I’m more inclined to agree with Scheinman than with Weller.  For me, Taft’s bust of Thomas Gilbert from 1895 shows much more personality and energy.  But then, Longfellow was described as a “gentle, placid, poetic soul: an image perpetuated by his brother Samuel Longfellow, who wrote an early biography that specifically emphasized these points. As James Russell Lowell said, Longfellow had an “absolute sweetness, simplicity, and modesty” (Wikipedia biography, http://en.wikipedia.org/wiki/Henry_Wadsworth_Longfellow).

Here is an amazing albumen print of Longfellow by British photographer Julia Margaret Cameron.  No image could have captured his spirit more vividly, and he certainly doesn’t look gentle and placid to me!

The Wikipedia biography also points out that, although Longfellow was the most popular poet of his day and is generally regarded as the most distinguished poet the country had produced, his popularity rapidly declined, beginning shortly after his death and into the 20th century as academics began to appreciate poets like Walt Whitman, Edwin Arlington Robinson, and Robert Frost. In the 20th century, literary scholar Kermit Vanderbilt noted, “Increasingly rare is the scholar who braves ridicule to justify the art of Longfellow’s popular rhymings.”  20th century poet Lewis Putnam Turco concluded “Longfellow was minor and derivative in every way throughout his career… nothing more than a hack imitator of the English Romantics.” Could it be that Taft was one of those people who was not that impressed with Longfellow and gave the project only cursory focus?

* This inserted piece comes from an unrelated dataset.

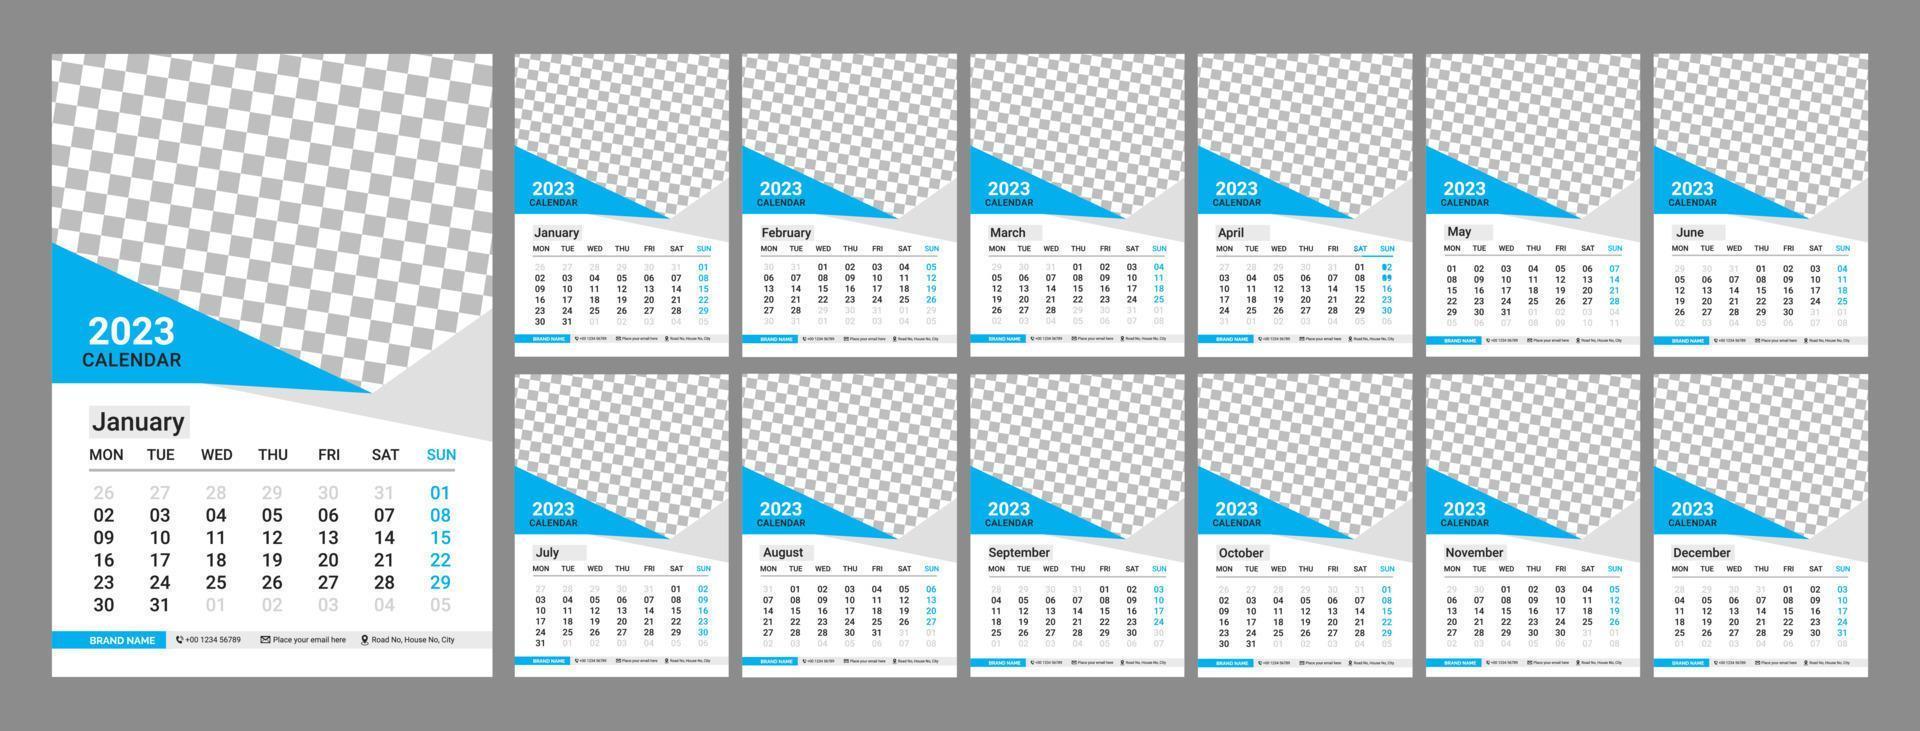 Wall calendar desing 2023. Monthly calender 2023. 12 months. Editable calendar page template vector

Following Longfellow’s death, numerous statues emerged.  Here’s a stunning one by Sir Thomas Brock, K.C.B., R.A., that sits in the Poet’s Corner in Westminster Abbey (1884). (Photograph by Jacqueline Banerjee, 2011)

Here’s one by Edmonia Lewis from when Longfellow was still alive, 1872, from the National Museum in Liverpool.  She not only designed it but sculpted it herself. Another version, also by Lewis, is in the collection of Harvard University.  (Harvard has another bust of Longfellow, by Hiram Powers, from 1869.)

Portland, Maine, which is Longfellow’s birthplace, has a full-sized piece that stands in Longfellow Square.  This is much more the quality I would have expected from Taft.  (But then, the Class of 1907 commissioned only a bust, and probably had very little money to pay, at that.)  The Portland piece was designed by Maine sculptor Franklin Simmons (1839-1913) shortly after the poet’s death and was installed in September of 1888.  Here we see an academically robed and bearded Longfellow seated and facing the downtown with his right arm resting on the back of the chair and a scroll in his left.  Three bronze books are placed under his chair.  The sculpture was funded by pennies, nickels, and dimes donated by New England children.  Every year as the holidays approach, Longfellow can be found wearing a long red scarf and holding a wrapped present.

Interestingly, Taft included Simmons in his History of American Sculpture, Supplementary Chapter: 1923.  He wrote: “New men have appeared, men of just as convincing talent and ever-increasing skill.  The world grows old and grows young again!”  He went on to refer to Simmons’ “almost legendary career.”  (page 538)

My visit to the Taft archives to read correspondence regarding the Class of 1907 commission was not successful.  The file contains only a bill in the amount of $300 from the Piccirilli Brothers of New York “for the carving in Italian statuary marble of the Longfellow bust.”  I hope you can visit the bust yourselves and make your own impression.  I’d love to hear your thoughts!